The above code generate this plot below.

events

The next visualization is about how many athletes are from which state. There was no ready-made data available on the web. So I had to dig individual athlete’s profile to find their state. After compiling the data, the first few rows look like this.

Athlete Game Gender City State
Deepika Kumari Archery Female Ranchi State
Laxmi Rani Manjhi Archery Female Chittaranjan West Bengal
Bombayla Devi Laishram Archery Female Imphal East Manipur
Atanu Das Archery Male Kolkata West Bengal
Dharambir Singh Athletics Male Rohtak Haryana
Mohammad Anas Yahiya Athletics Male Nilamel Kerala

I need to count the number of athletes state-wise. First load the data and then summarise count, group by state.

athletesHome <- read.csv("athletesHometown.csv")

state_athletes <- athletesHome %>%
  group_by(State) %>% 
  summarise(Count = n()) %>% 
  arrange(desc(Count))

Few rows from the new data state_athletes

State Count
Haryana 25
Punjab 12
Karnataka 11
Kerala 10
Maharastra 8
Tamil Nadu 8

To visualize this data, we run the code below

ggplot(state_athletes, aes(x = reorder(State, Count), y = Count)) +
  geom_bar(stat = "identity", fill = "chartreuse3") +
  coord_flip() +
  ggtitle("Athletes by State in Rio2016 Olympics") +
  labs(x = "", y = "Number of Athletes") +
  geom_text(aes(label = Count), hjust = 1.5, colour = "white",
            fontface = "bold") +
  theme(panel.background = element_blank(),
        axis.line.x = element_line(size = .6, colour = "black"),
        axis.text = element_text(size = 12))

And we get this plot

states

In another way to visualize the same data, we can fill the value of each state in India map as well. For this we need to load some more packages.

require(choroplethr) # to map
require(choroplethrAdmin1) # for India map

We load India map with this line of code below and remove the country feature from the data frame.

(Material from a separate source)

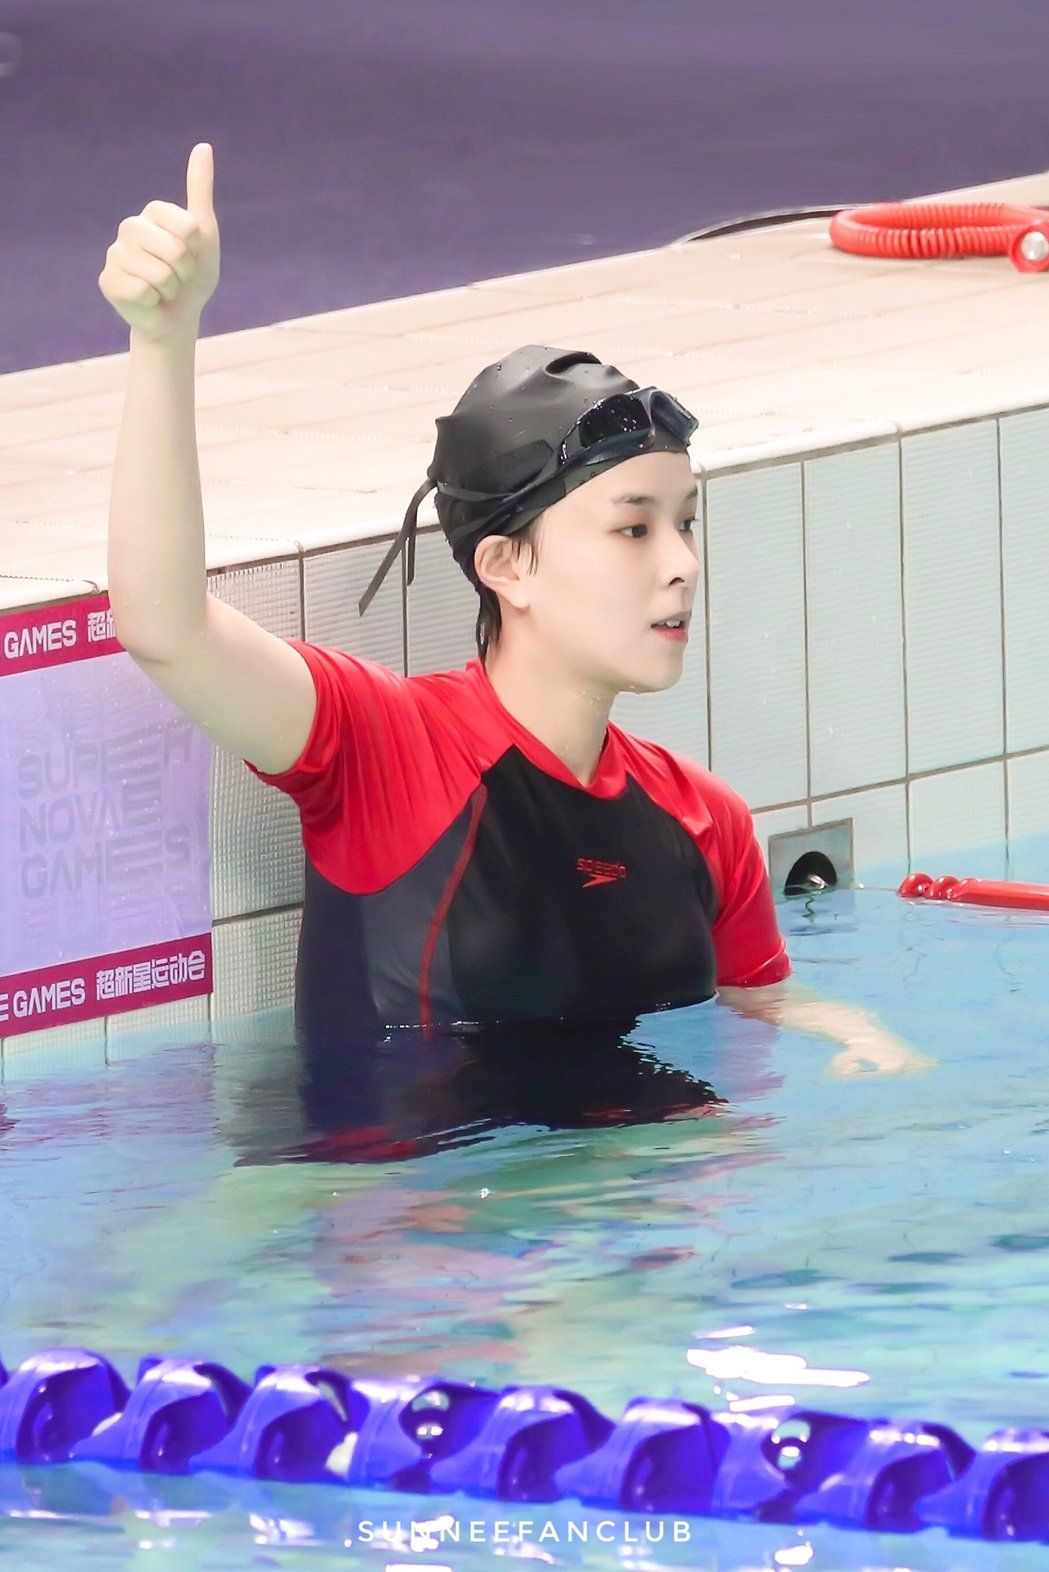 Sunnee楊芸晴獲得個人賽冠軍。圖/擷自微博
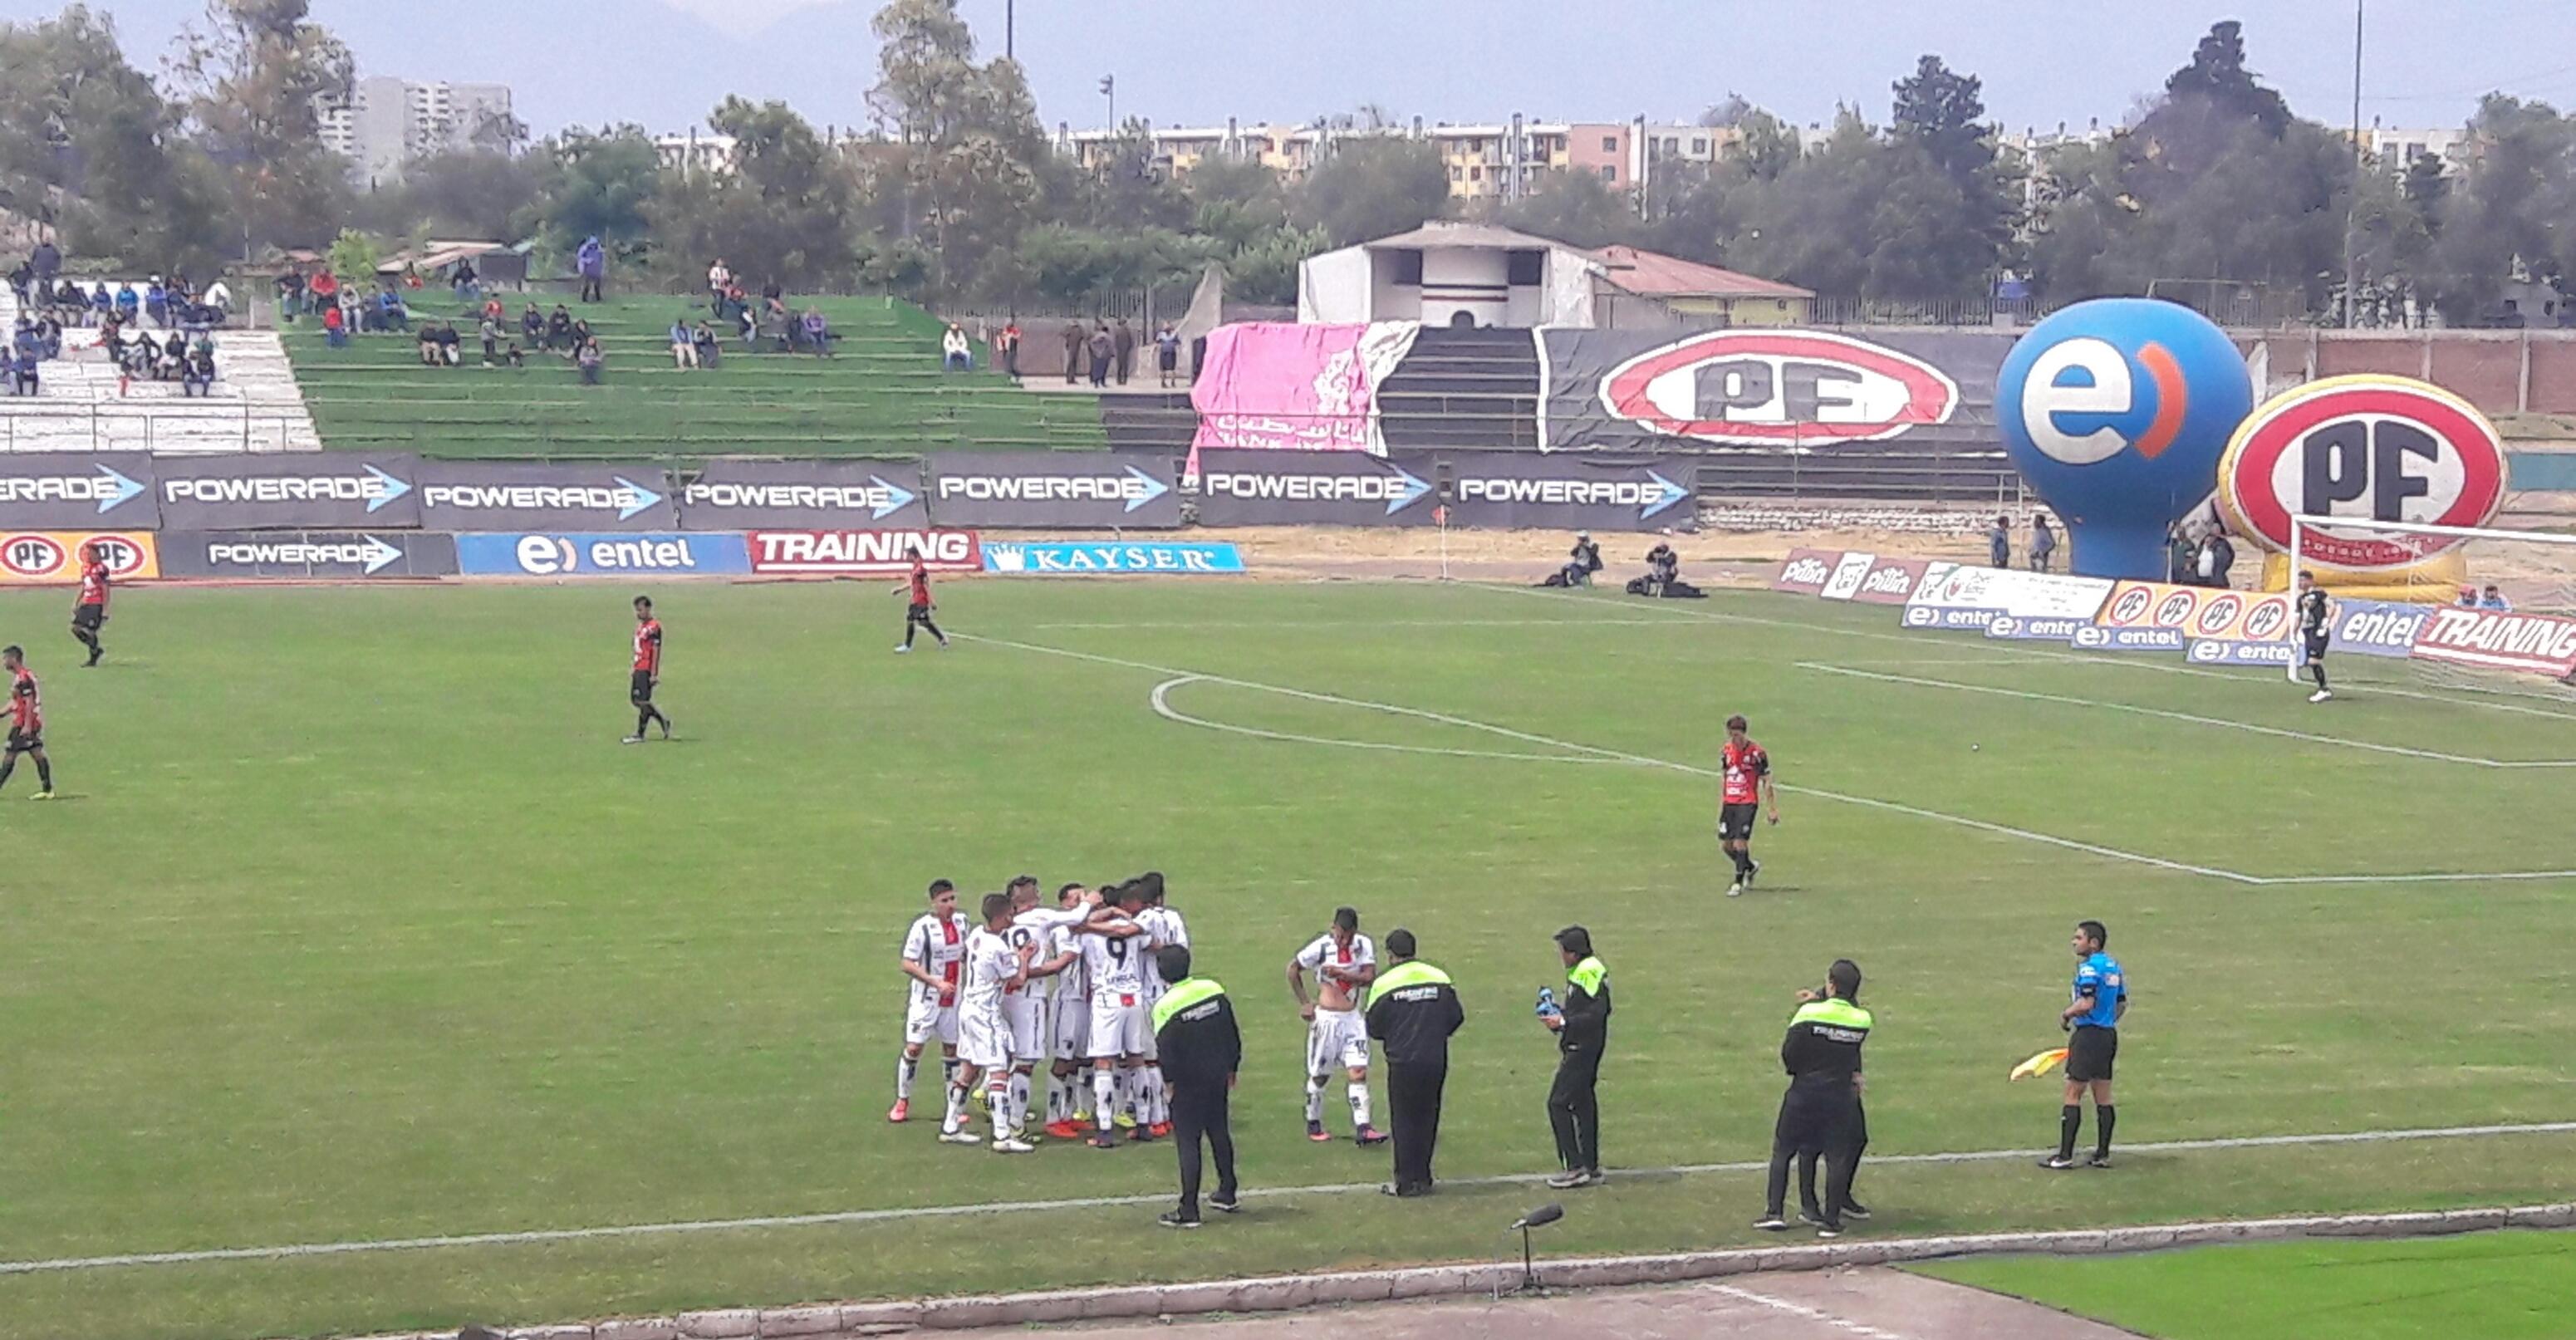 Palestino aplastó a Deportes Antofagasta con un inspirado Leandro Benegas

india <- get_admin1_regions("india")
india$country <- NULL

Just need to add the value column in the india data frame. This value is the number of athletes participated from each state. Note that the india data frame comes with state names in their own style. I have just inserted the value with the matching state names. Also, the new column has to be named value as per this mapping package.

india$value <- c(2, 6, 0, 1, 0, 1, 0, 0, 25, 0, 1, 2, 11, 10, 1, 8, 6, 0, 1, 0, 6, 12, 3, 0, 8, 1, 8, 4,
                    7, 0,0,0,0,0,0)

Once we add the value data, we can generate the desired map with this code.

admin1_choropleth(country.name = "india",
                  df = india,
                  title = "Statewise Athletes in Rio2016",
                  legend = "",
                  num_colors = 9) +
  scale_fill_manual(values = c("violetred1", "deepskyblue",
                               "darkolivegreen1", "darkorchid1",
                               "gold", "darkslategray1")) +
  theme(legend.title = element_blank())

And we get this beautiful map-

indiamap

While constructing these visualizations I also thought of visualizing number of athletes from all the countries participating in this Rio Olympics. To construct a world map colouring the countries by number of athletes participating, we first get the data and clean the data.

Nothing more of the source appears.